Note: you may need to restart the kernel to use updated packages.


In [17]:
import langchain_references

langchain_references.__version__

'0.0.0'

# Document loading, retrieval methods and text splitting
Load documents from the web and split them into smaller chunks for processing.

In [18]:
import os
from pprint import pprint

os.environ["USER_AGENT"] = "langhchain-references"

from langchain_community.retrievers import WikipediaRetriever

documents = WikipediaRetriever(
    top_k_results=10,
    doc_content_chars_max=2000
).invoke("mathematic")


In [19]:
pprint([(doc.metadata["title"], doc.metadata["source"]) for doc in documents])

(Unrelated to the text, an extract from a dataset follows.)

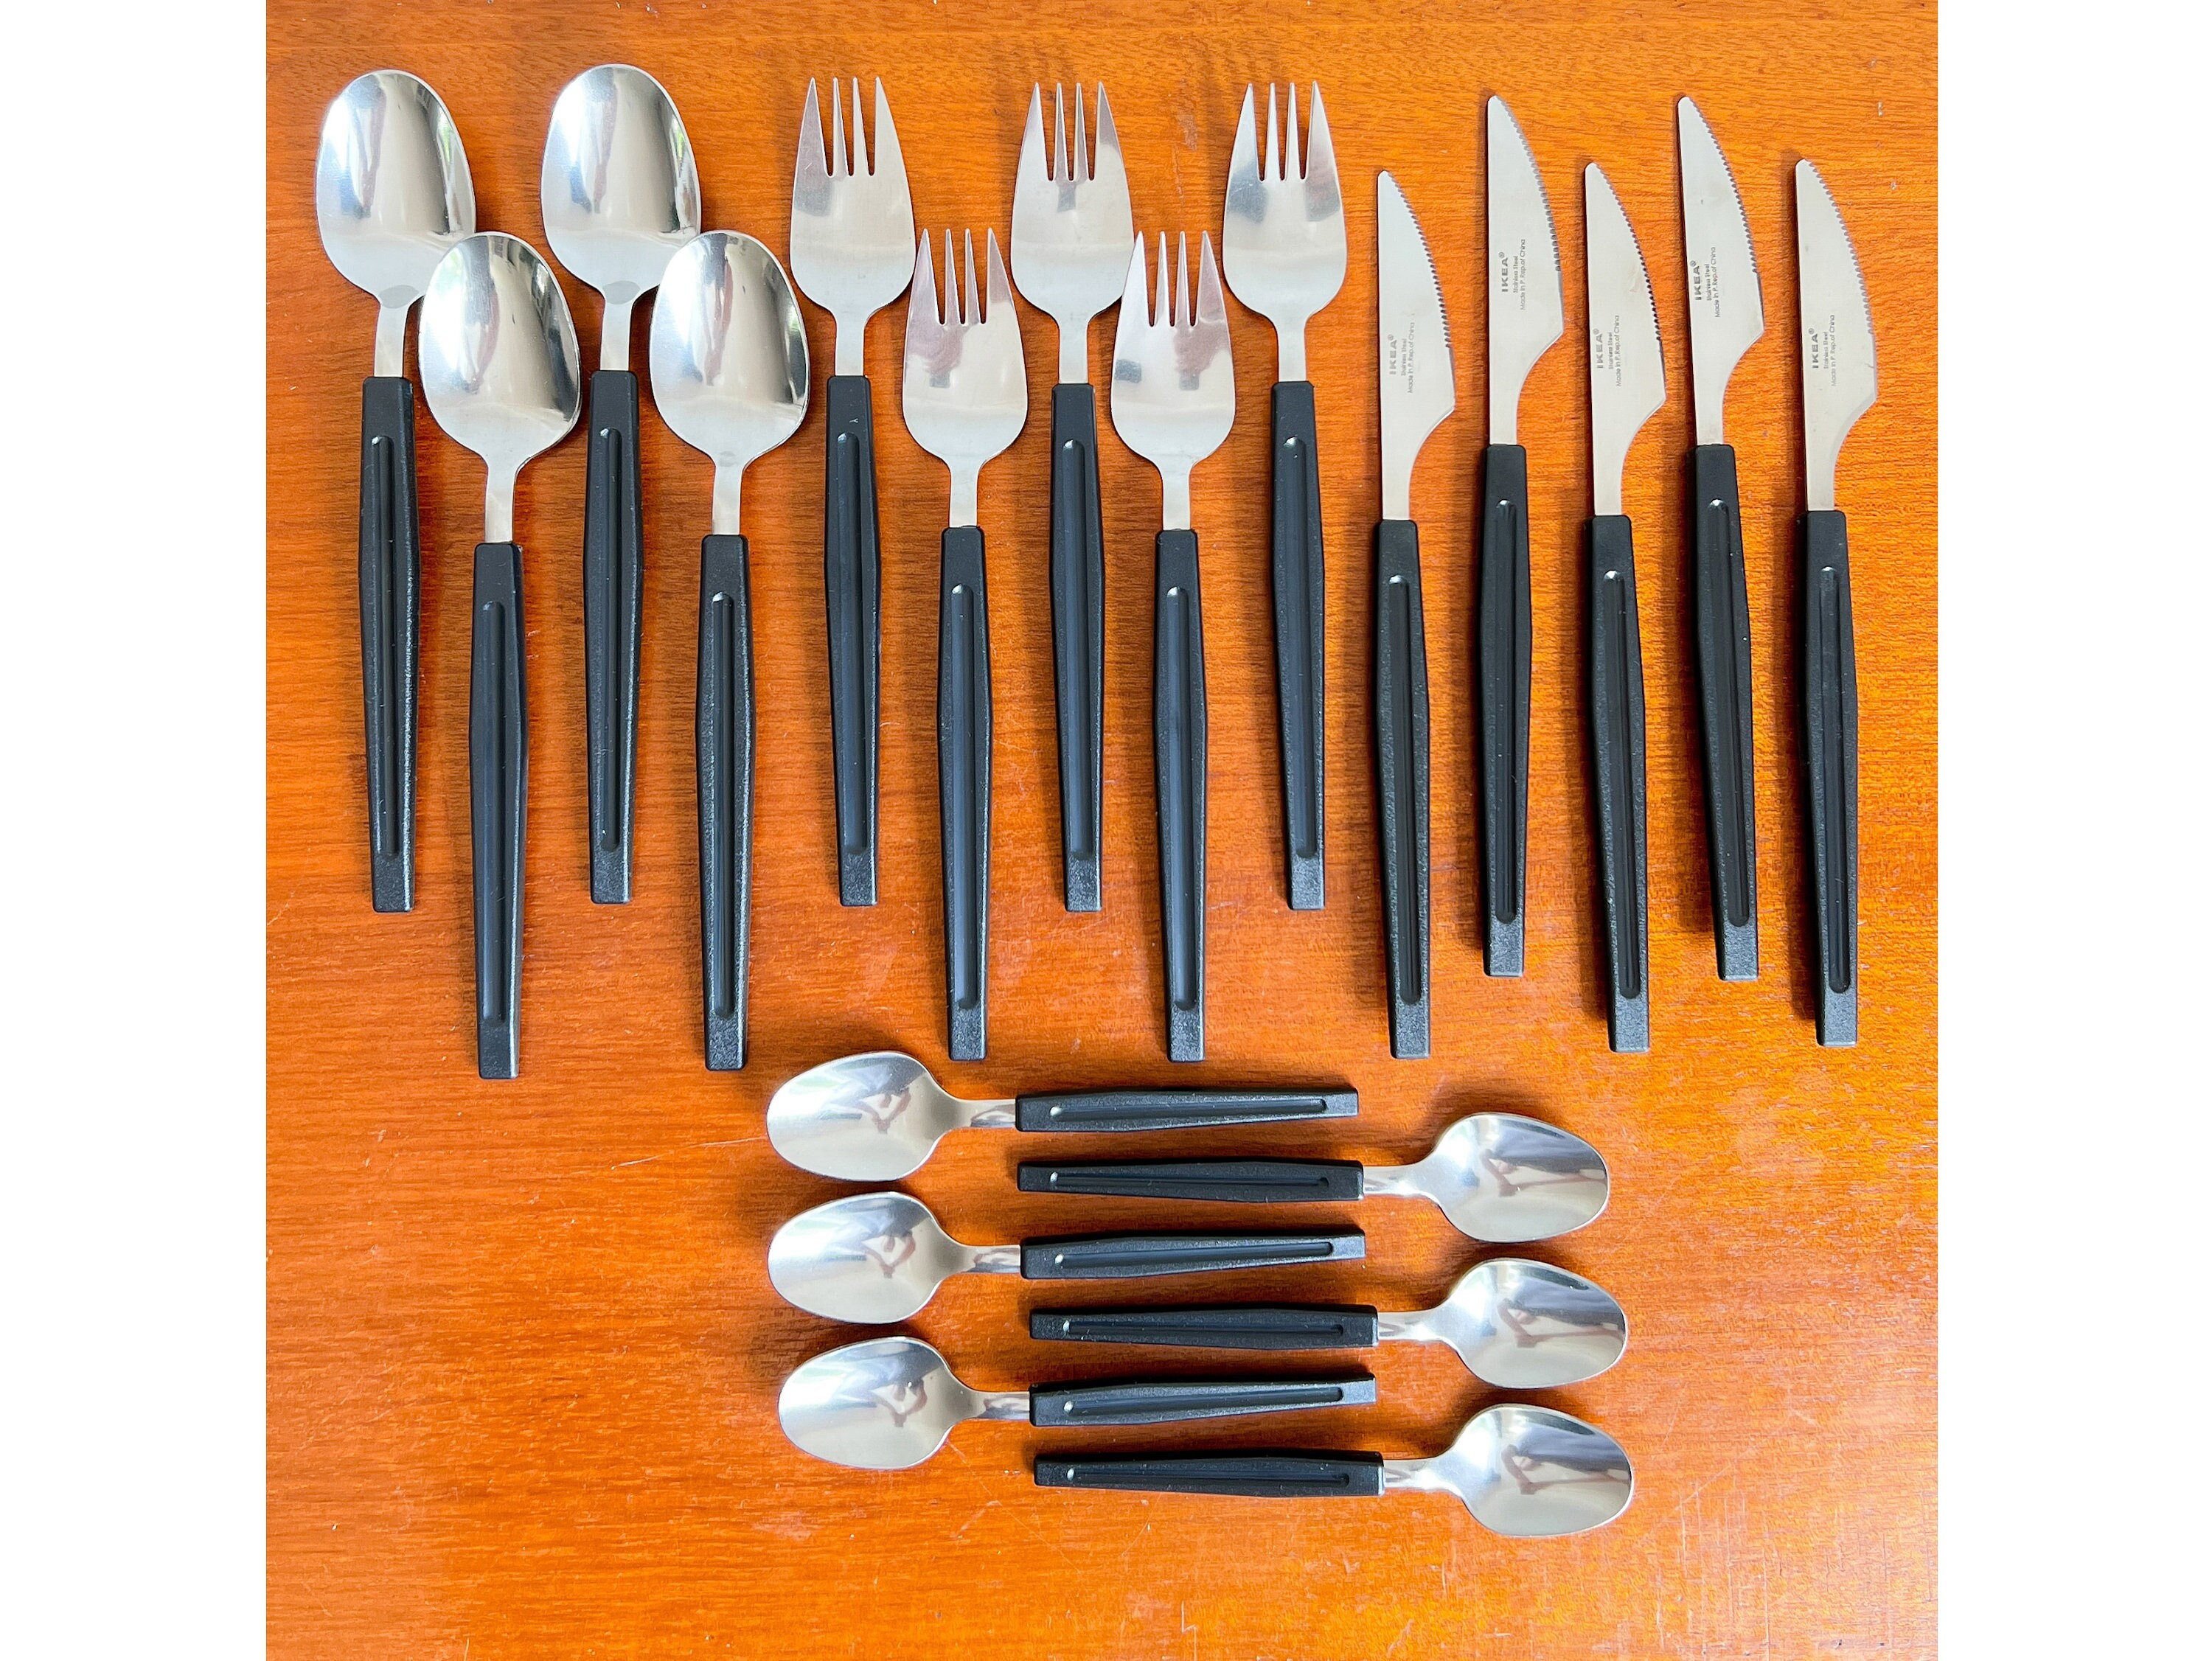 Flatware & Cutlery - Cutlery Sets - IKEA
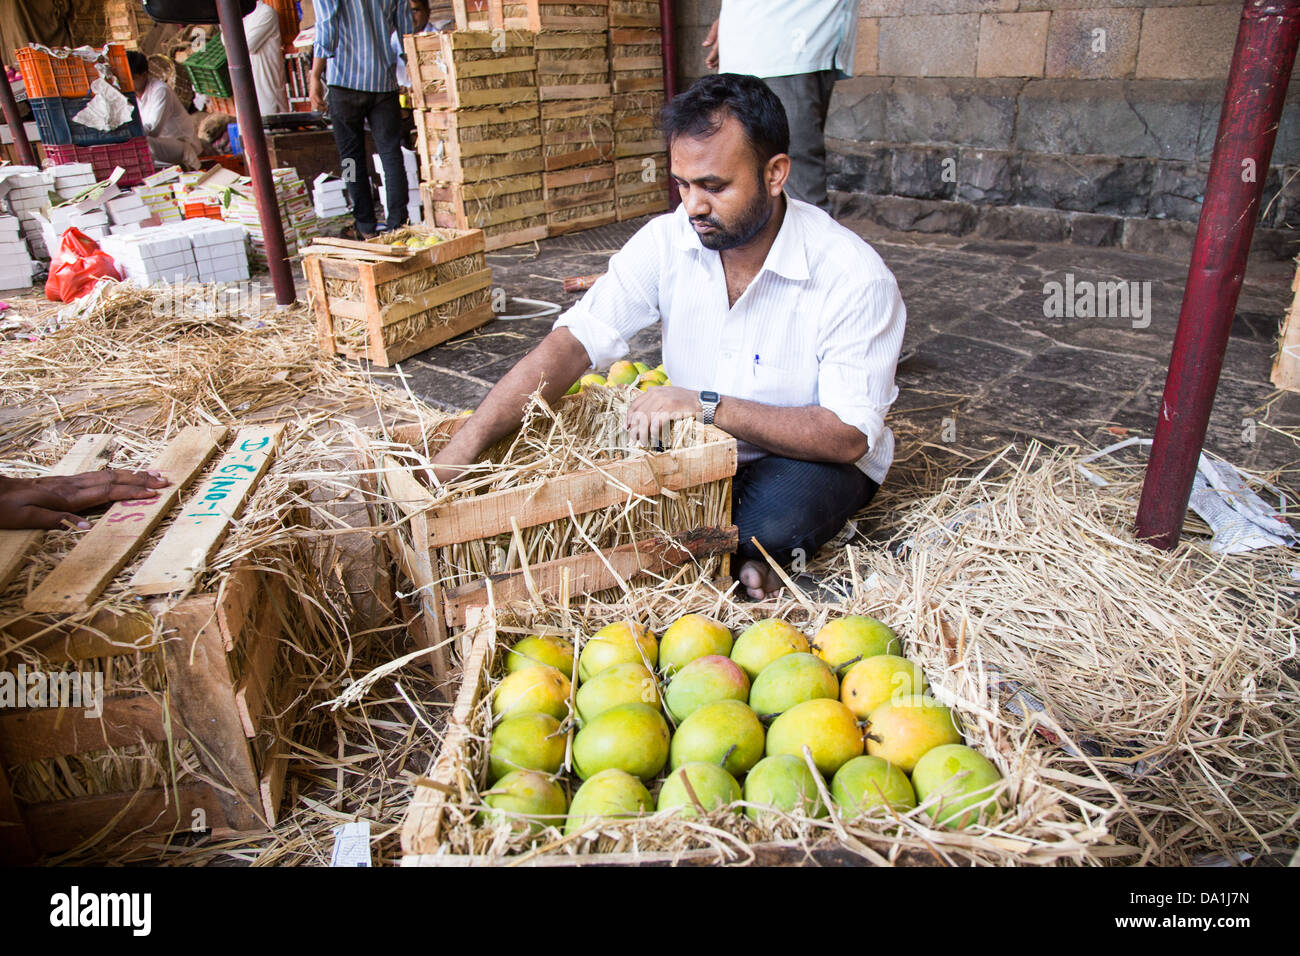 Mangoes in Crawford Market, Mumbai, India Stock Photo

[('Mathematics', 'https://en.wikipedia.org/wiki/Mathematics'),
 ('History of mathematics',
  'https://en.wikipedia.org/wiki/History_of_mathematics'),
 ('Mathematical Reviews', 'https://en.wikipedia.org/wiki/Mathematical_Reviews'),
 ('List of mathematics competitions',
  'https://en.wikipedia.org/wiki/List_of_mathematics_competitions'),
 ('Applied mathematics', 'https://en.wikipedia.org/wiki/Applied_mathematics'),
 ('List of mathematics awards',
  'https://en.wikipedia.org/wiki/List_of_mathematics_awards'),
 ('Group (mathematics)', 'https://en.wikipedia.org/wiki/Group_(mathematics)'),
 ('Indian mathematics', 'https://en.wikipedia.org/wiki/Indian_mathematics'),
 ('Mathematical sciences',
  'https://en.wikipedia.org/wiki/Mathematical_sciences'),
 ('Encyclopedia of Mathematics',
  'https://en.wikipedia.org/wiki/Encyclopedia_of_Mathematics')]


In [20]:
import os
from getpass import getpass

if not os.environ.get("OPENAI_API_KEY"):
    os.environ["OPENAI_API_KEY"] = getpass()

In [21]:
from langchain_openai import OpenAIEmbeddings, ChatOpenAI

embeddings = OpenAIEmbeddings()
model = ChatOpenAI(model="gpt-4o-mini")

Load the documents into a vector store.

In [22]:
from langchain_chroma import Chroma

vectorstore = Chroma.from_documents(documents=documents,
                                    embedding=embeddings,
                                    )

Create a context with a combination of documents in a single string, with a single numerical identifier.

In [23]:
def format_docs(docs):
    # return "\n\n".join(doc.page_content for doc in docs)
    return "\n".join(
        # Add a document id so that LLM can reference it 
        [f"<document id={i + 1}>\n{doc.page_content}\n</document>\n" for i, doc in
         enumerate(docs)]
    )


# Manage references with langchain-reference

Create a prompt with `{format_references}`, `{context}` and `{question}` placeholders.

In [24]:
from langchain_core.prompts import ChatPromptTemplate
from langchain_core.runnables import RunnablePassthrough

RAG_TEMPLATE = """
You are an assistant for question-answering tasks. Use the following pieces of retrieved documents to answer the question. 
If you don't know the answer, just say that you don't know. Use three sentences maximum and keep the answer concise.

{format_references}
  
<documents>
{context}
</documents>

Answer the following question:

{question}"""

rag_prompt = ChatPromptTemplate.from_template(RAG_TEMPLATE)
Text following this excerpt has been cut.